The euro is starting to wobble already in the lead-in to Thursday’s European Central Bank, with traders believing that Draghi and the rest of the Executive Council will need to push back on the single currency amid calls for increased stimulus, lower interest rates and the need for higher inflation.

The hawks who want no change to policy will argue that the data from the European economy and its constituent countries is no cause for euphoria at the moment, but neither is it awful, and improvements in wages and unemployment are starting to show through. And of course, yes, the inflation picture is poor at the moment, but the majority of that is as a result of the oil price falls, and therefore may have little impact as we enter 2016.

The doves are still pinned by market expectations of what the Federal Reserve does by the end of the year; if Yellen et al hike, then some of the pressure will come off the ECB as interest rate differentials take EUR/USD lower in the short term, although in the last Federal Reserve hiking cycle, USD actually ended up weaker.

Weaker euro to continue

I personally think that the Draghi will have to come out and hurt the euro. Draghi has spent most of this year talking down the euro; fears over the tightened monetary conditions that a stronger currency would bring should ensure that Draghi does not deviate from that message anytime soon. This may come from chat around increased or prolonged asset purchases, but there is the real chance that a cut in interest rates may be floated for some time in the future as well.
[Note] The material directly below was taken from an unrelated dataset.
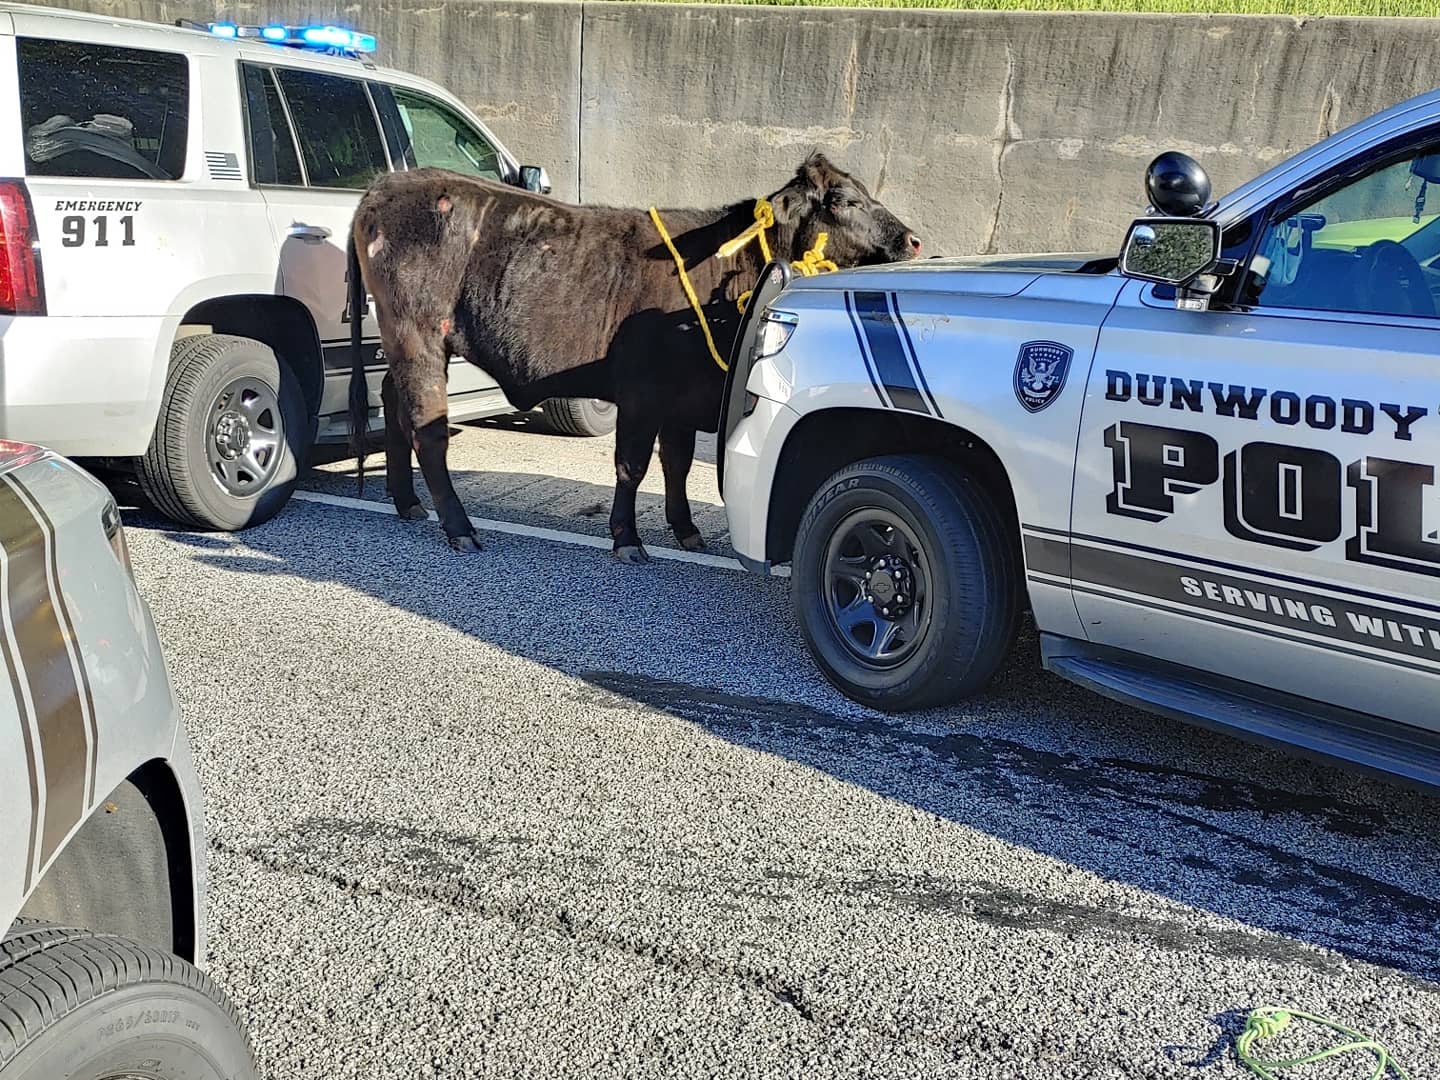 Police in Dunwoody, Georgia, said they were called to the interstate, which runs west of Atlanta, that morning to reports that a cow was running on the road

I doubt there will be any action from the ECB’s Executive Council this Thursday, but that doesn’t mean we won’t see a wobbly euro.

Canada swings to the left

Overnight, the Liberal Party seems to have taken the Canadian election with a strong majority. Justin Trudeau is set to be confirmed as Prime Minister later today, having won on a campaign based around higher government spending in a bid to rescue the Canadian economy from its commodity driven slump.

This is nothing new, of course, and the sell-off in the Canadian dollar since the polls closed is a natural reaction to fears that higher spending will damage deficit and debt/GDP ratios as well as concerns over the make-up of a possible government coalition that has not been in power for over 10 years.